By default homopolymer stretches (n>=2) are compressed prior to kmer counting. This step reduces noise caused by one of the primary sources of error in PB sequencing. This option can be turned off with the -H
option.
Kmers can be grouped by a minimizer of size -z
. This is a naive implementation that labels all kmers by the first lexicographically sorted substring of length z.
Kmers of frequency less than T
or greater than 1 - T
in the dataset will be removed prior to clustering.
PCA or feature agglomeration can be used to reduce the number of clustering features. The option -a,--agg
sets the method, and -c
determines the number of used components (PCA) or output features (featagg). Setting the number of components to 0 turns off feature reduction.
Kmer counts are normalized within samples unless -n
is set to none
.
To avoid clustering reads based on degenerate primers, this option can be set to ignore sequence -i
bases from the ends of each read.
Clusters must have at least -m
reads. Clusters with less than -m
reads will be reclassified as noise.
A simple json file can be provided to set all options for any clustering algorithm. The json config file trumps all other input parameters (ie defaults and CL options). See example json file for the OPTICS algorithm.

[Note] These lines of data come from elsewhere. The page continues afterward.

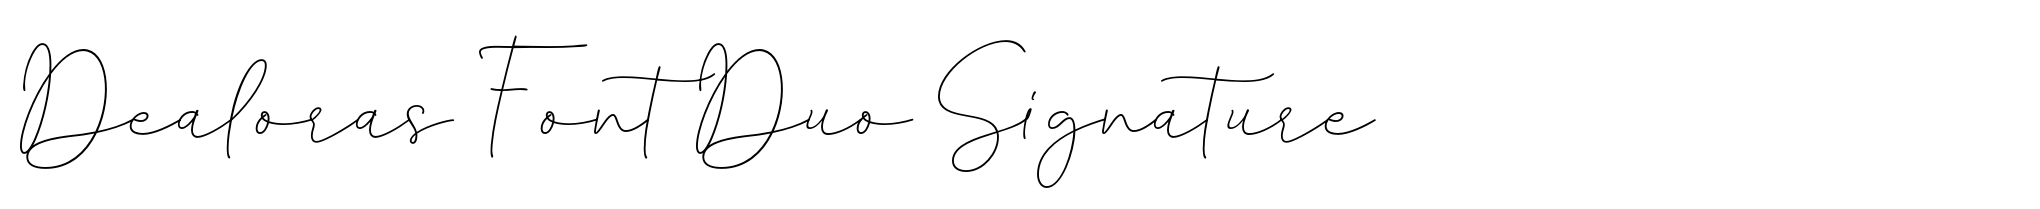 Dealoras Font Duo Signature image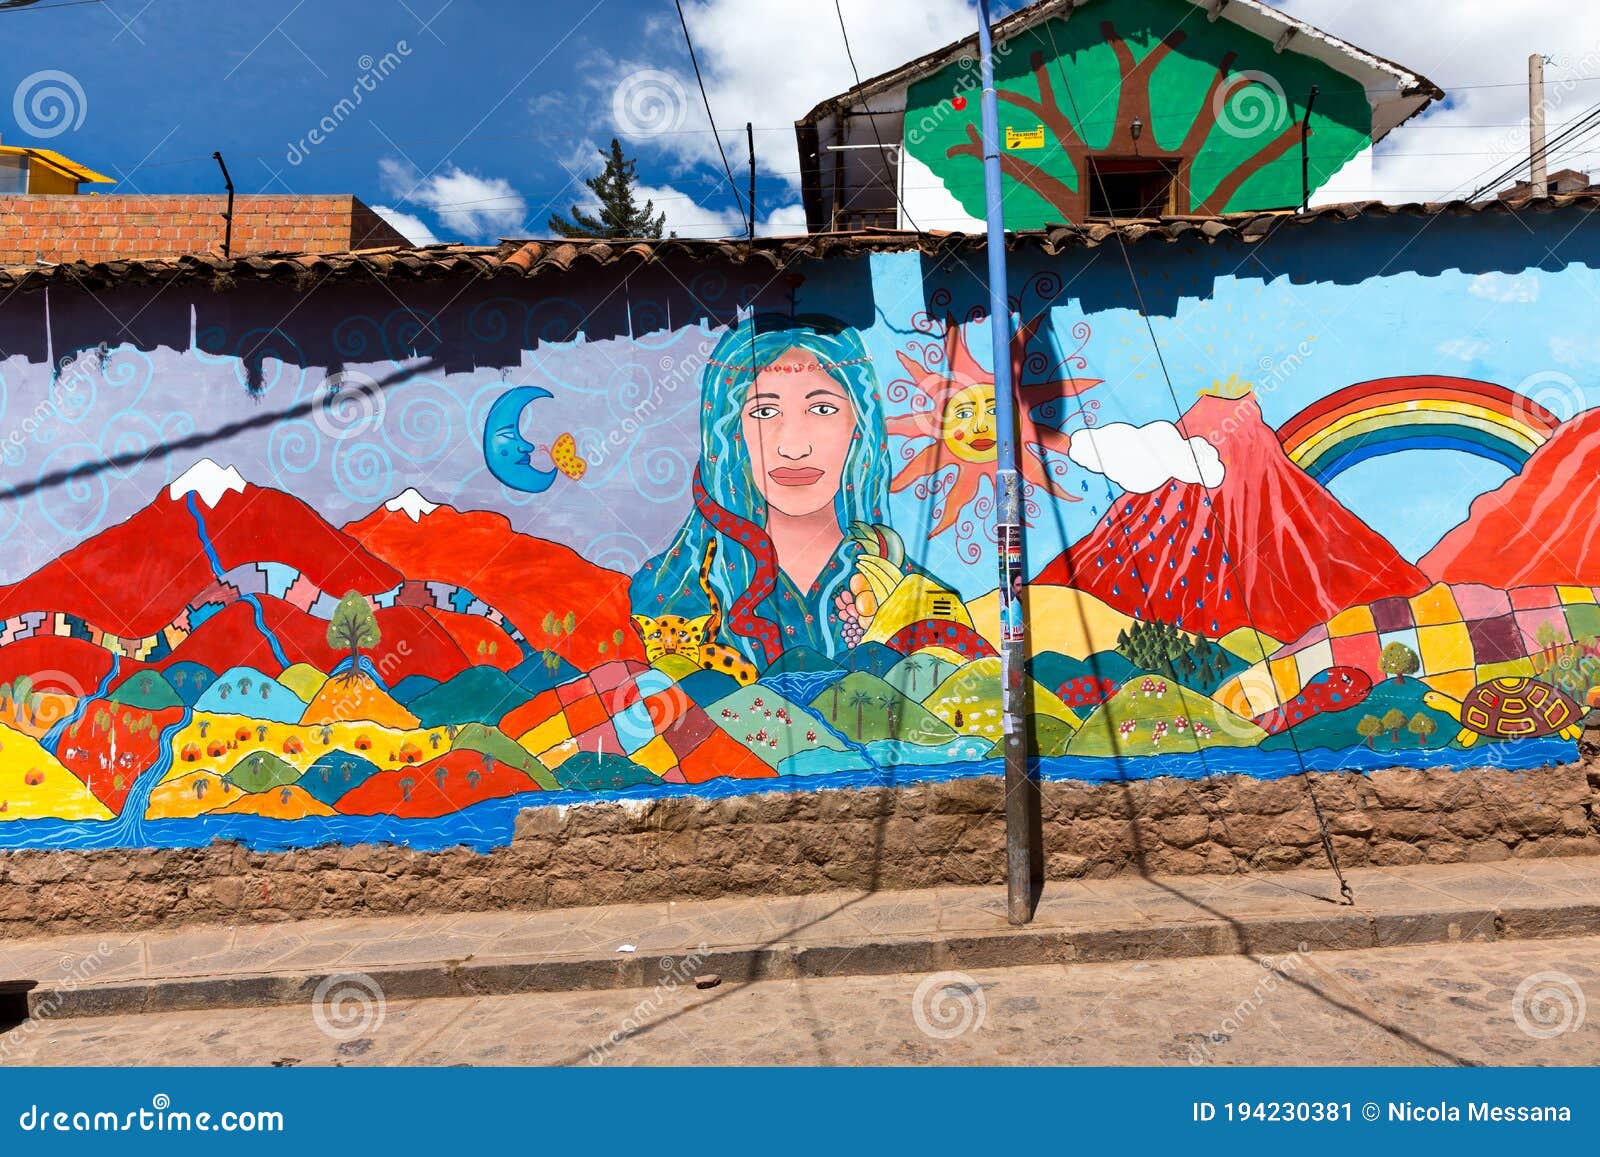 Graffiti De Pintura Urbana En Las Calles De Cusco Peru Foto editorial -  Imagen de pista, calle: 194230381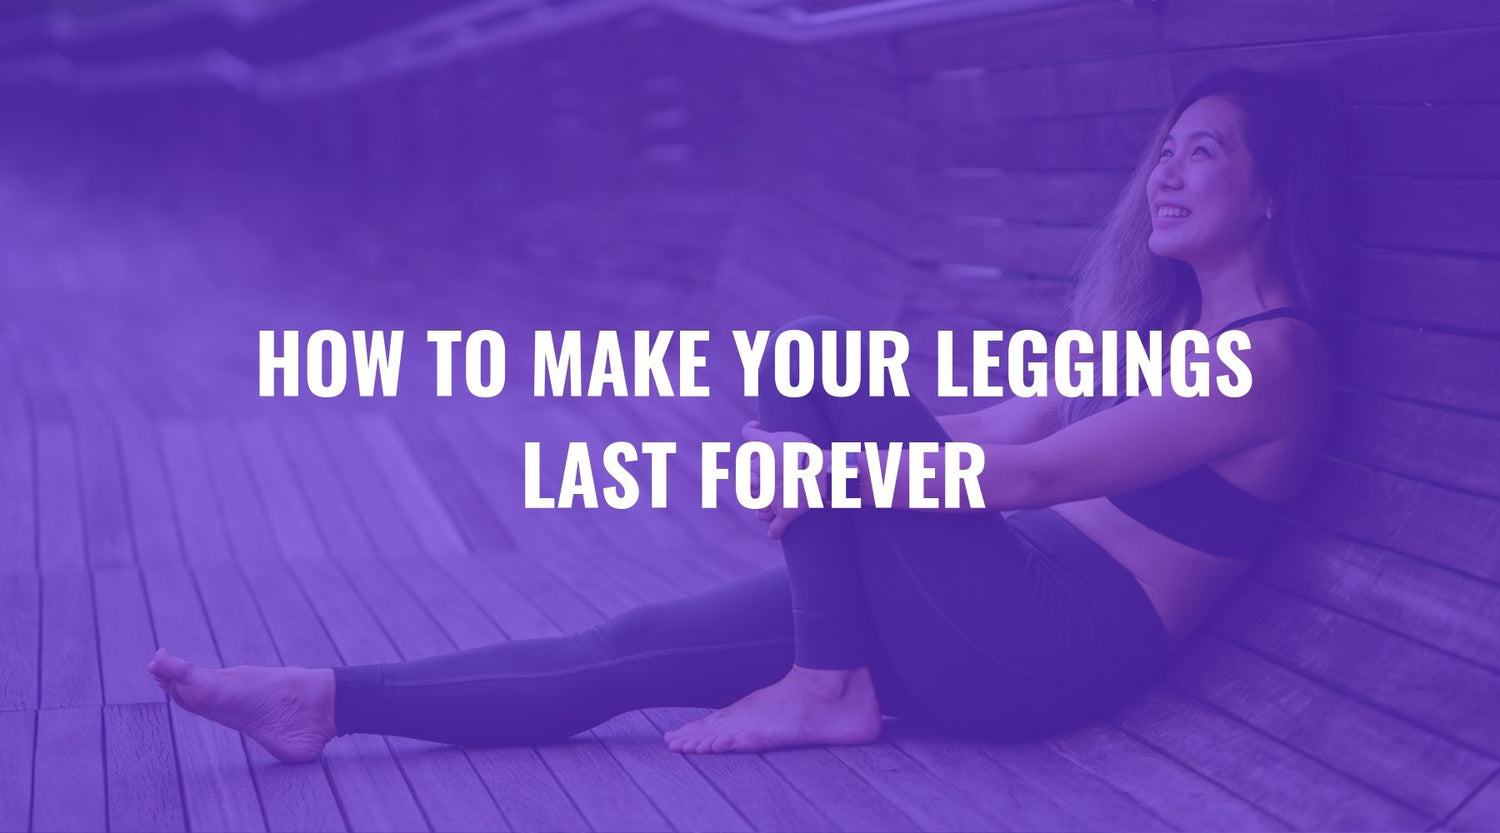 How to Make Your Leggings Last Forever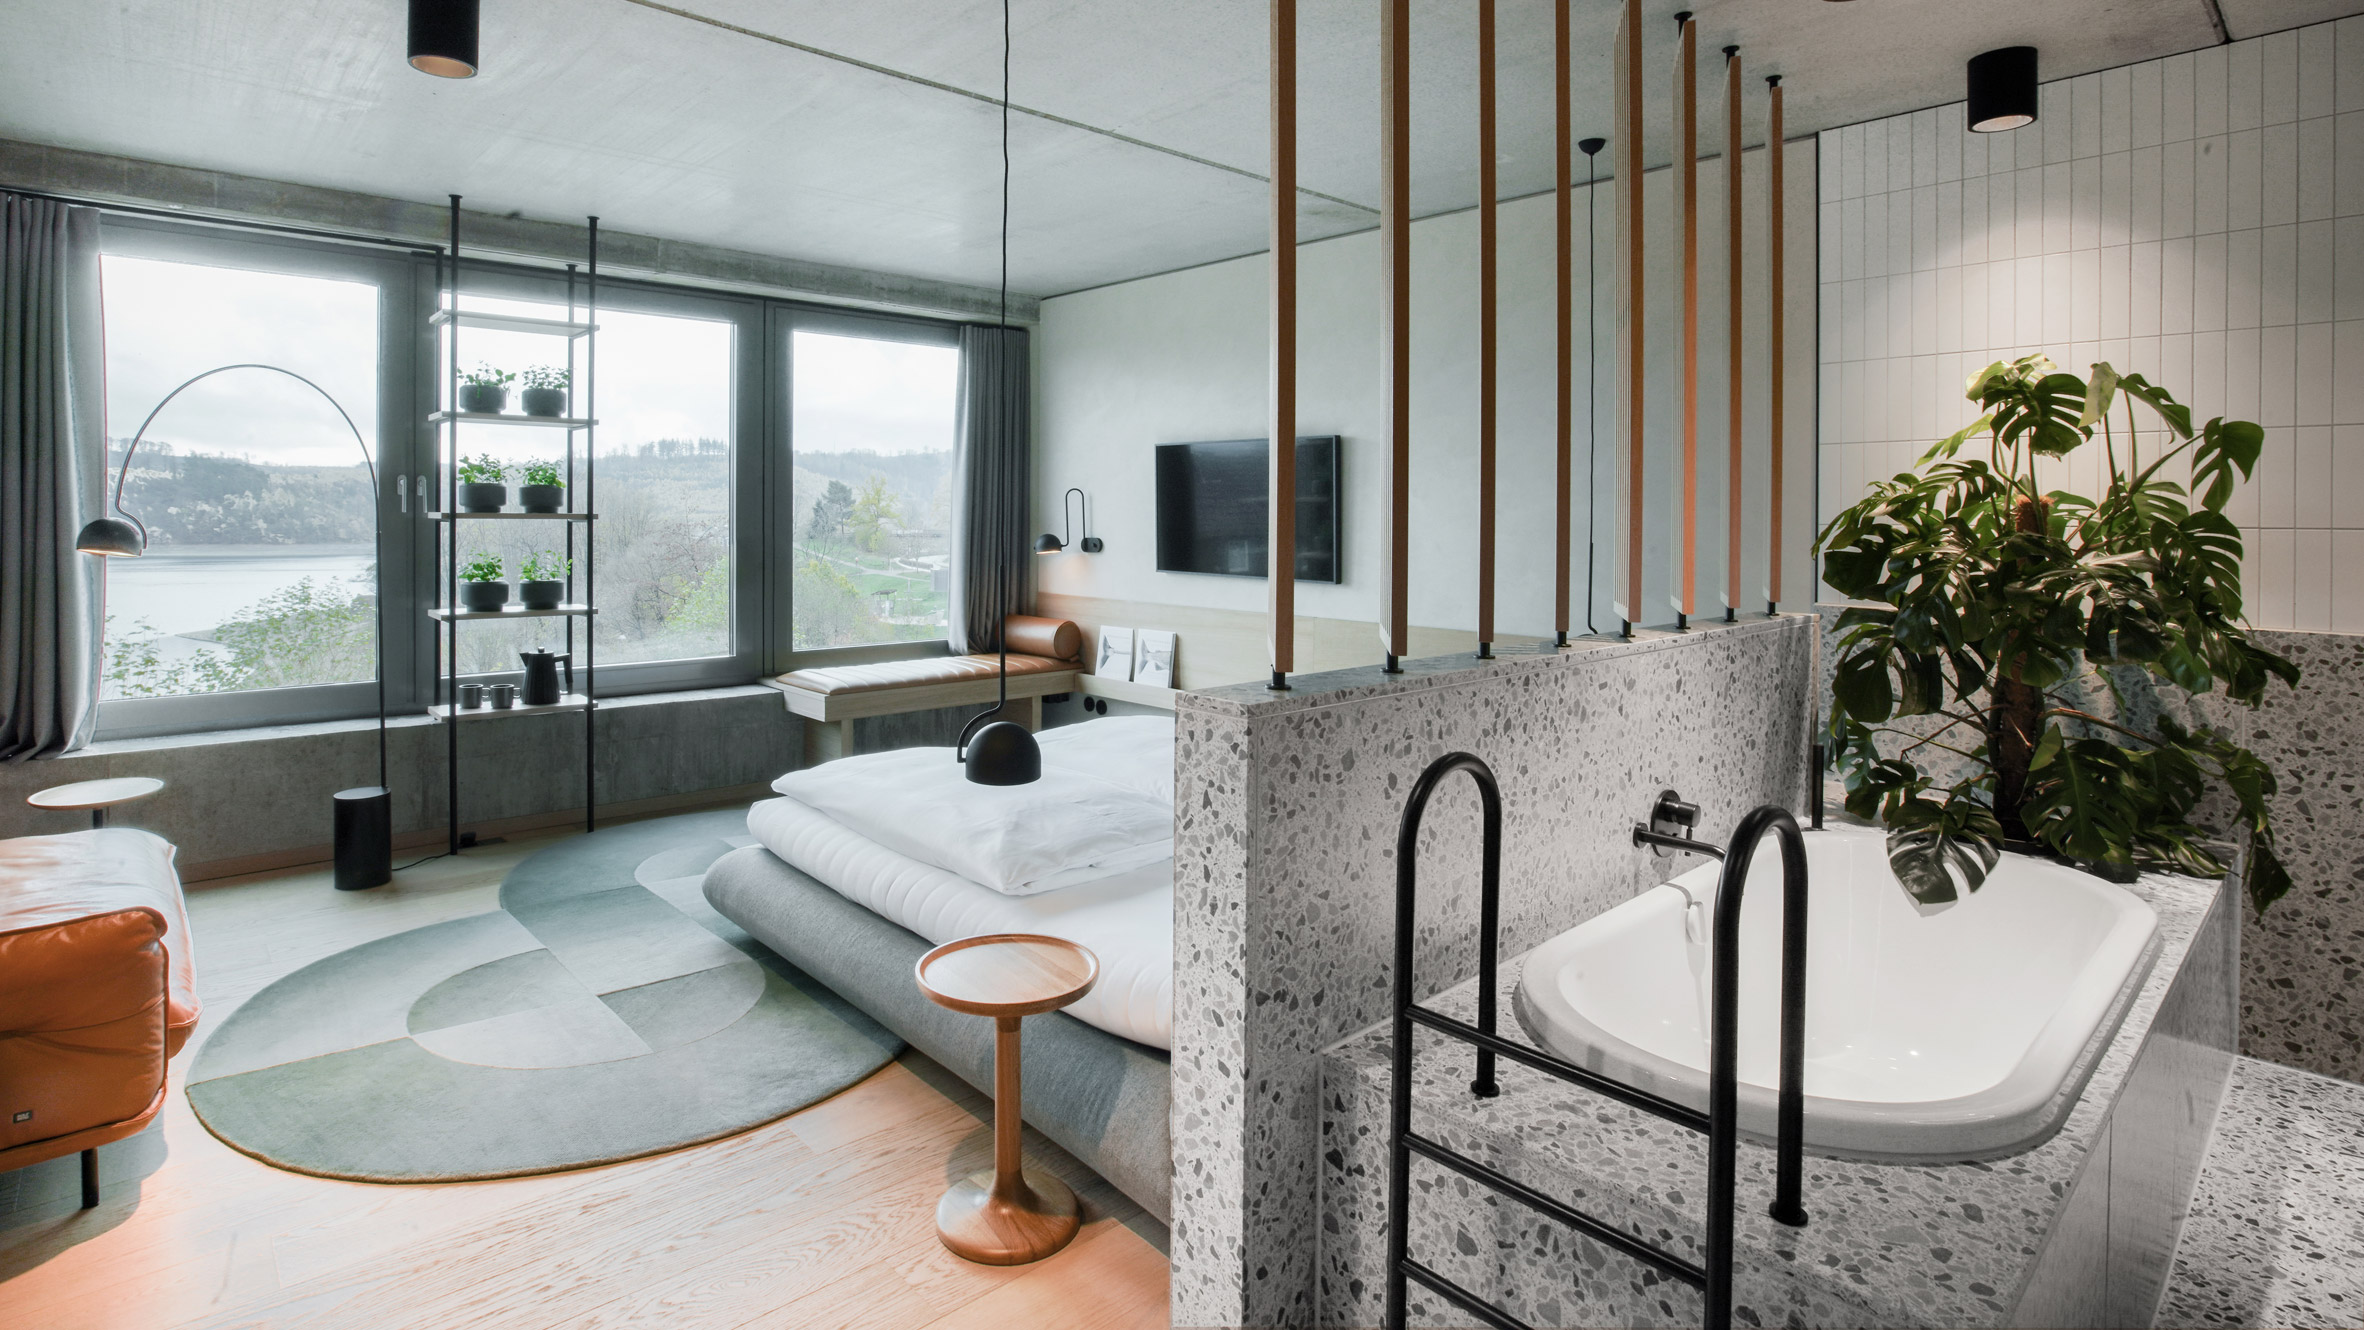 Renovated bedroom interior in hotel by Studio Aisslinger

The primary output is a text file listing reads in each output cluster. Reads have their original name, unless the --extracReference
option is used to extract a subsequence from each read, in which case the extraction coordinates will be appended to the read names.
>cluster0_numreads42
m54309_190912_232752/34538433/ccs
m54309_190912_232752/64291805/ccs
m54309_190912_232752/70058377/ccs
...
>cluster1_numreads31
m54309_190912_232752/8847473/ccs
m54309_190912_232752/40436366/ccs
m54309_190912_232752/41288675/ccs
...
>Noise_numreads2
m54309_190912_232752/45744303/ccs
m54309_190912_232752/47055558/ccs
Reads filtered prior to clustering are not listed.
Cluster numbers are inserted into each row of the output BAM using the HP
tag. If the -d
option is passed, only clustered reads will be included in the output. Otherwise, filtered reads are labeled 999
and reads that enter the clustering process but are classified as noise are labeled -1
. All output reads also have an RGB color defined by cluster in the YC
tag for visualization in IGV. The option -S
generates a single BAM output per cluster, and -x
will prevent any bam output from being written.
Use the -F
option to export a fastq file per cluster. This can be used as input for consensus.
For some clustering algorithms (e.g. DBSCAN), it can be useful to view a plot of sorted nearest neightbor distances to set the eps value. The option -t
generates such a plot for a given parameter set and read input.
The option -g
generates a plot of each read position given the first 2 reduced components from the input matrix.